On 6 March 2023, we resolved a previously self-disclosed investigation by the SEC into certain contractual payments totalling US$10.5 million made to a consultant who had provided advisory services in 2011, relating to the Simandou project in the Republic of Guinea. Without admitting to or denying the SEC’s findings, Rio Tinto paid US$15 million civil penalty for violations of the books and records and internal controls provisions of the Foreign Corrupt Practices Act.
No provision has been recognised for other related investigations.
At 30 June 2023, the outcome of these matters remains uncertain, but they could ultimately result in a material financial impact. We believe these cases are unwarranted and will defend against the allegations vigorously. A dedicated Board committee continues to monitor the progress of these matters.
11. Commitments and contingencies (continued)
Other contingent liabilities
We are modernising agreements with Traditional Owner groups in response to the Juukan Gorge incident. We have created provisions, within “Other provisions”, based on our best estimate of historical claims; however, the process is incomplete and it is possible that further claims could arise relating to past events.

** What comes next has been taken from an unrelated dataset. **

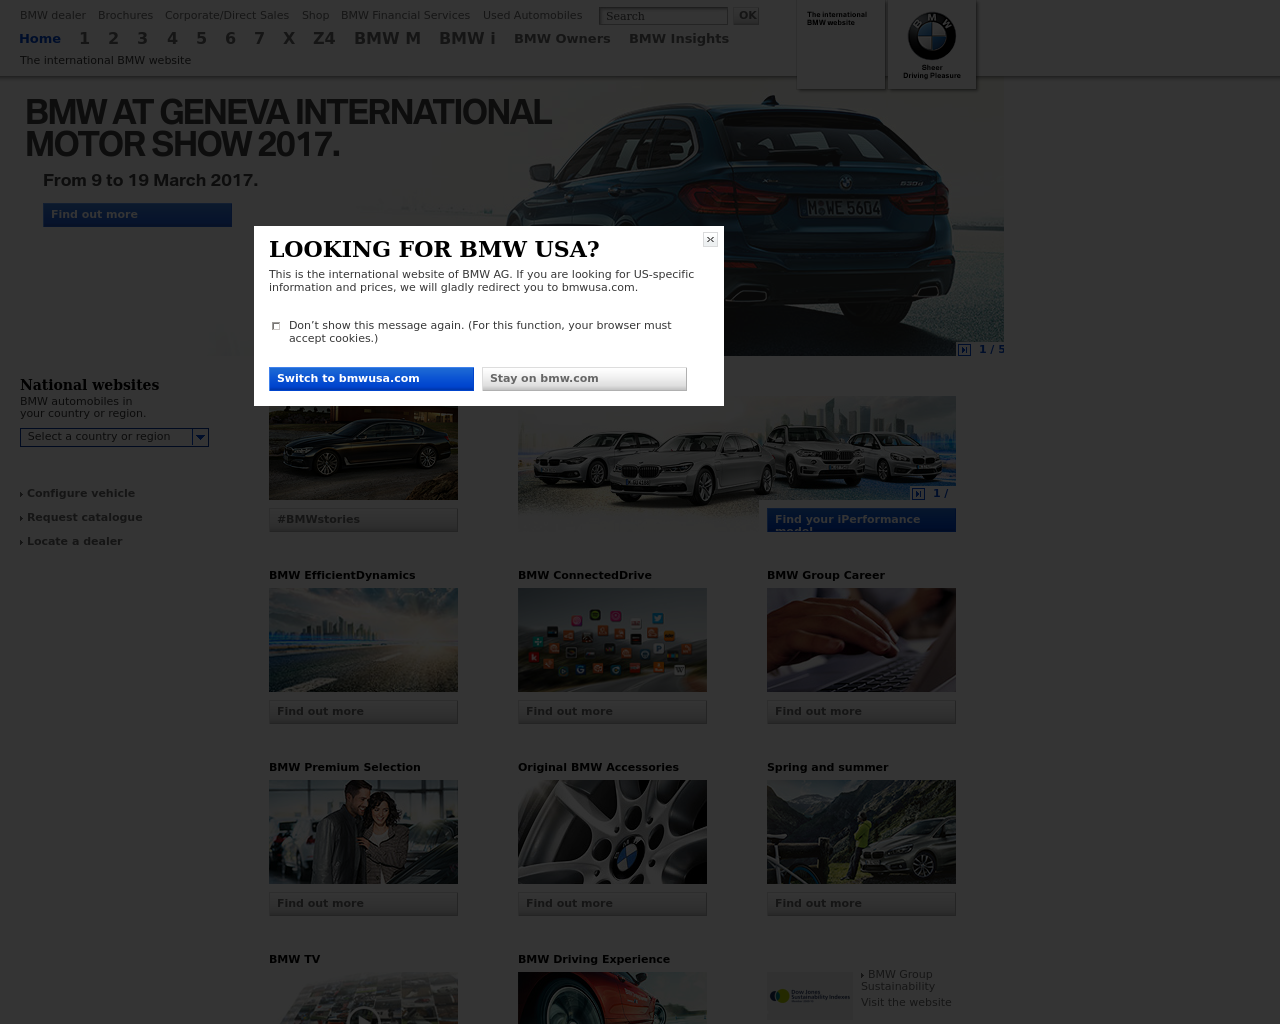 Image site bmw.net in 1280x1024

Close-down and restoration provisions are not recognised for those operations that have no known restrictions on their lives as the date of closure cannot be reliably estimated. This applies primarily to our Canadian aluminium smelters, which are not dependent upon a specific orebody and have access to indefinite-lived power from owned hydro-power stations with water rights permitted by local governments. In these instances, a closure obligation may exist at the reporting date; however, due to the indefinite nature of asset lives it is not possible to arrive at a sufficiently reliable estimate for the purposes of recognising a provision. Close-down and restoration provisions are recognised at these operations for separately identifiable closure activities which can be reasonably estimated, such as the demolition and removal of fixed structures after a pre-determined period. Any contingent liability for these assets will crystallise into a closure provision if and when a decision is taken to cease operations.

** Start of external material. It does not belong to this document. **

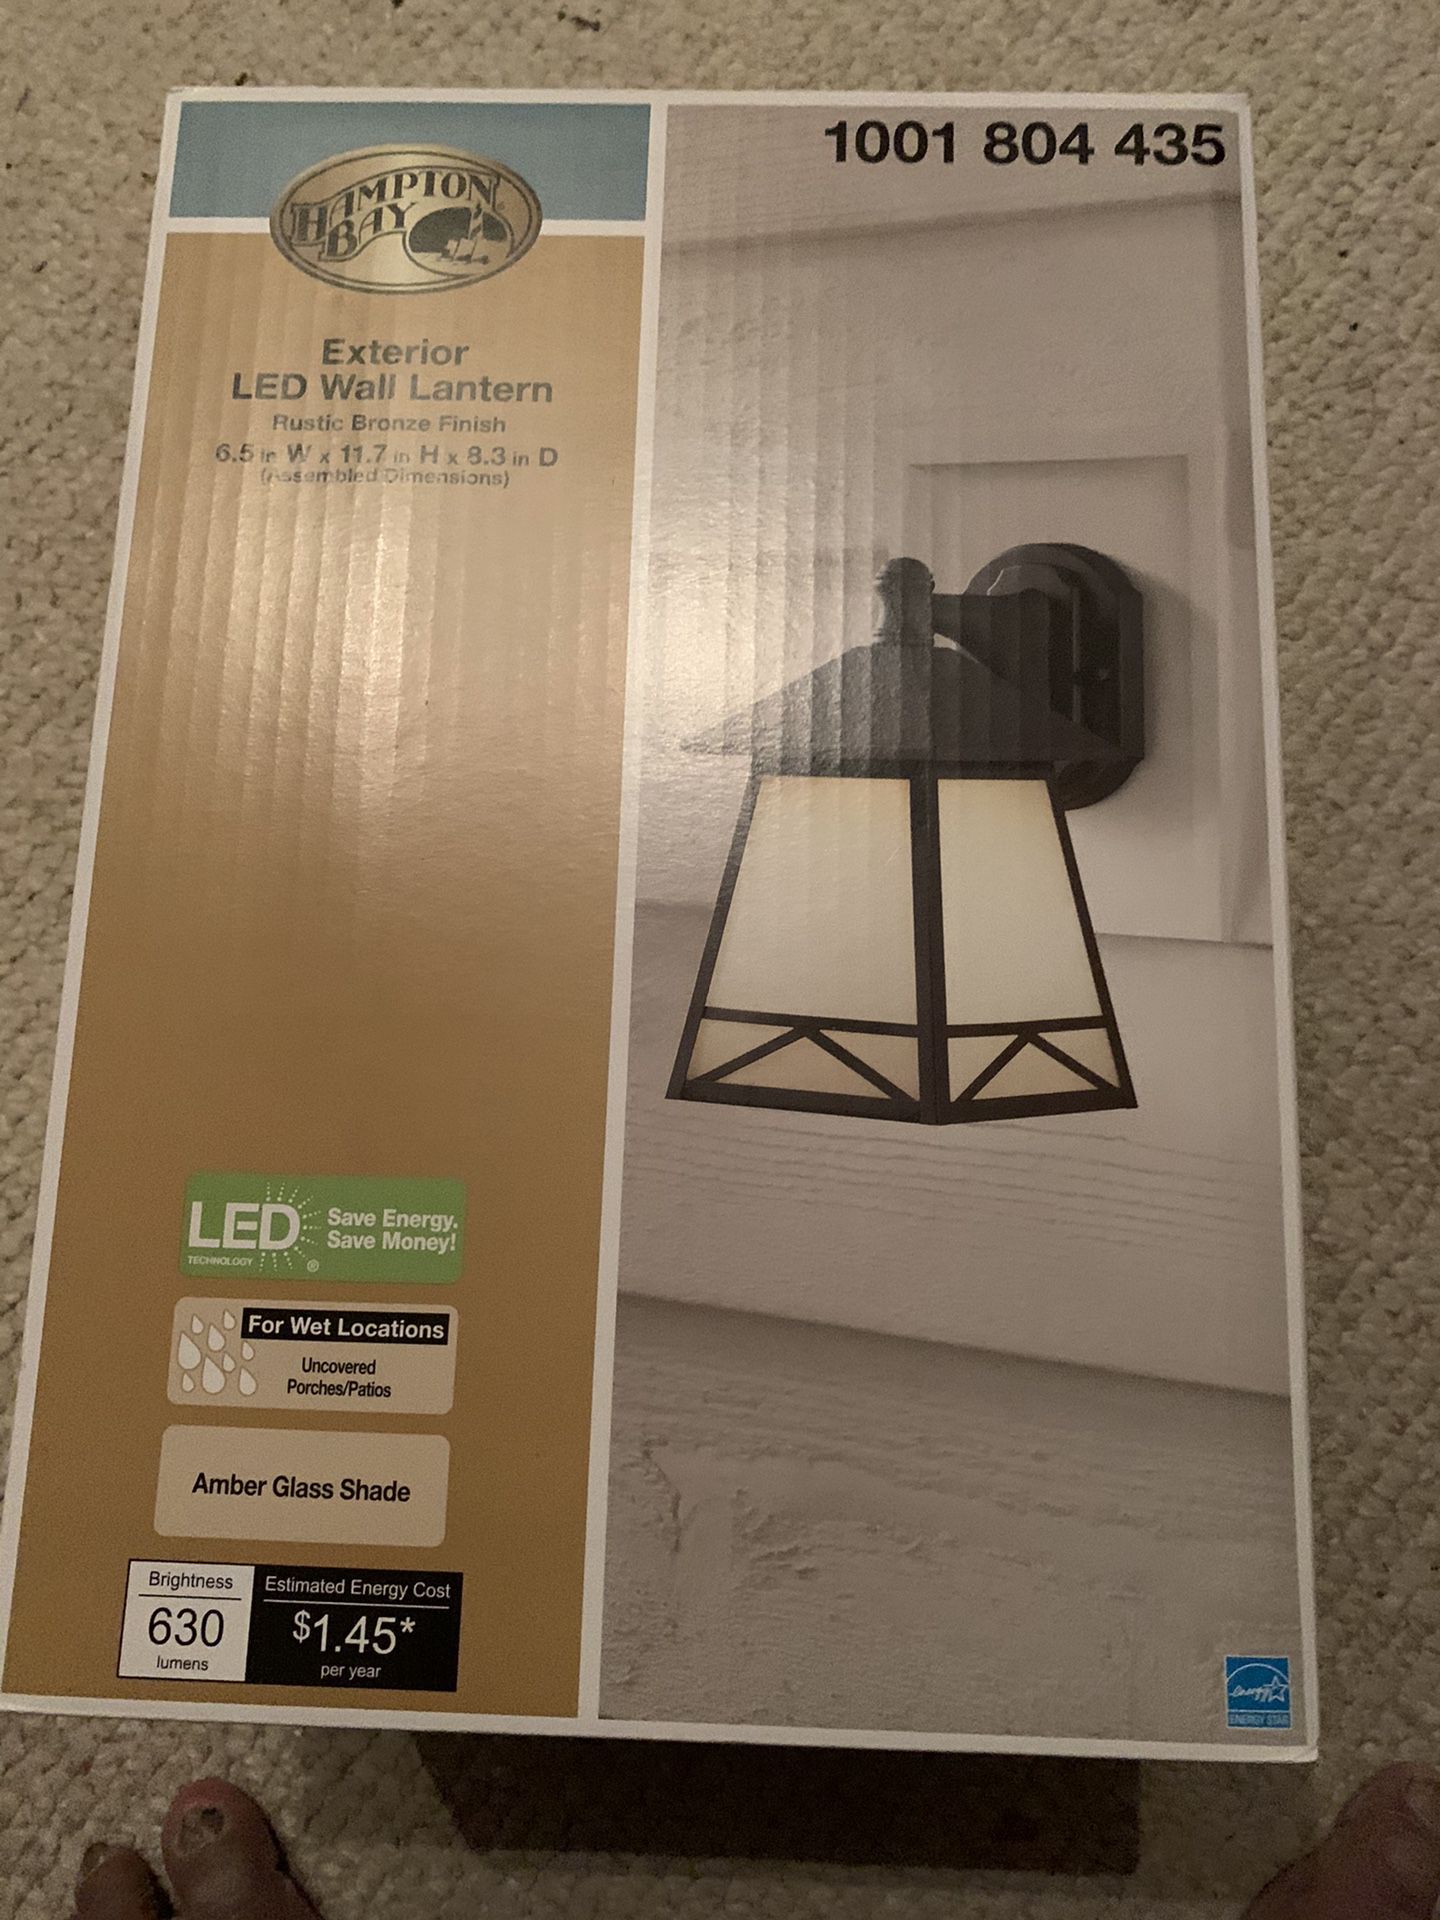 Price Reduced - Brand New 6.5” W x 11.7” H x 8.3” D Hampton Bay Exterior LED Wall Lantern with Amber Glass Shade

Capital commitments at 30 June 2023
Capital commitments, excluding the Group's share of joint venture capital commitments, were US$3,743 million (31 December 2022: US$3,354 million). Our capital commitments include open purchase orders for managed operations and expenditure on major projects already authorised by our Investment Committee for non-managed operations. They do not include the estimated incremental capital expenditure relating to decarbonisation projects of US$7.5 billion between 2022 and 2030 unless otherwise contractually committed. On a legally enforceable basis, capital commitments would be approximately US$1.3 billion (31 December 2022: US$1.0 billion) as many of the contracts relating to the Group’s projects have various cancellation clauses.
The Group's share of joint venture capital commitments was US$13 million at 30 June 2023 (31 December 2022: US$15 million).